Donald Trump Says Abortion 'Vote' Could Happen, Falsely Claims It's '50/50 Question in This Country'

President Donald Trump said in an interview published Saturday that there could one day be a "vote" on whether abortion would remain legal in the United States, while falsely claiming that the issue was a "50/50 question in this country."

Trump was speaking during his trip to the United Kingdom, just days after nominating conservative judge Brett Kavanaugh to fill the Supreme Court seat vacated by the retiring Anthony Kennedy. The pick reignited the contentious debate over abortion, given that Trump promised during his campaign to overturn the landmark 1973 ruling legalizing abortion, Roe v. Wade.

Speaking to friend Piers Morgan in a Daily Mail interview that took place aboard Air Force One, Trump opted not to restate his personal views on abortion.

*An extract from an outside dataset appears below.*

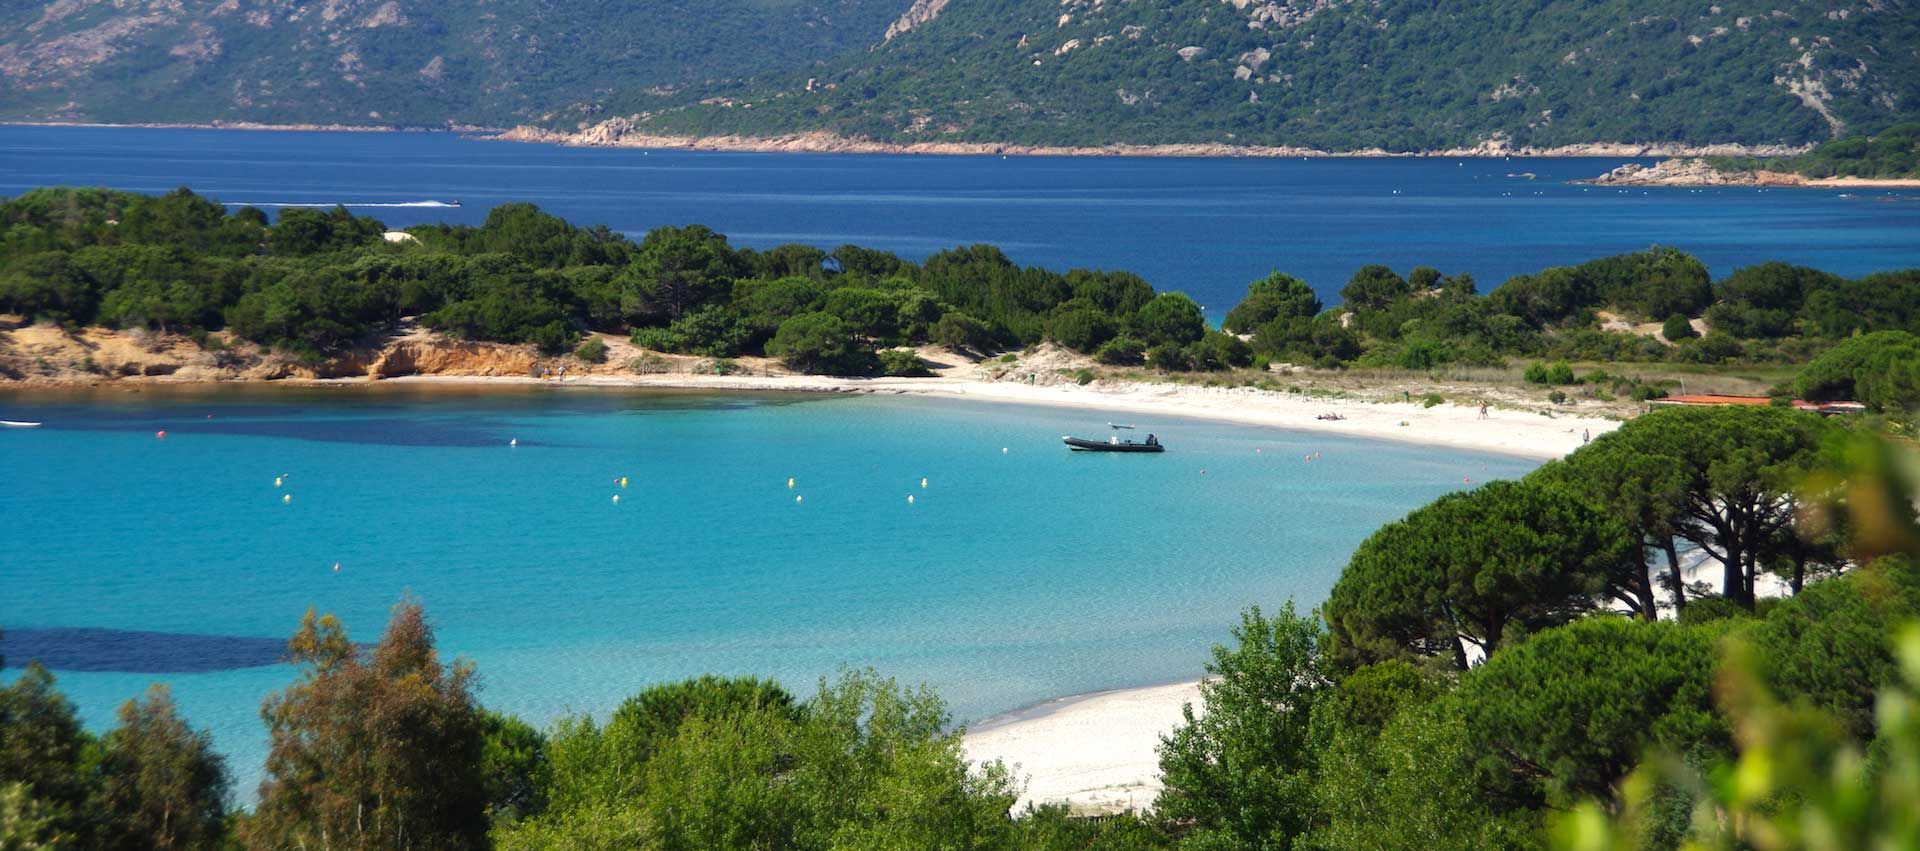 ActivitesCentre CorseCote OrientaleGrand ValincoOuest CorsePays AjaccienSud Corse

"Well, look, I'm a conservative as you know," he said. "I have my views, but I've been told it's truly best not to talk about it. That's a little bit of an interesting stance but that's the right thing to do, now."

But when pressed on the concern felt by women at the prospect of Roe v. Wade being overturned, Trump suggested that its future lay in the balance.

"I do understand, but I also understand that you know, that's a 50/50 question in this country," he said. "I think [Kavanaugh] is going to be confirmed and someday in the distant future there could be a vote. There's also a very good chance there won't be a vote. We'll have to see what happens. A case has to get up there. It could be a long time before a case ever gets up there."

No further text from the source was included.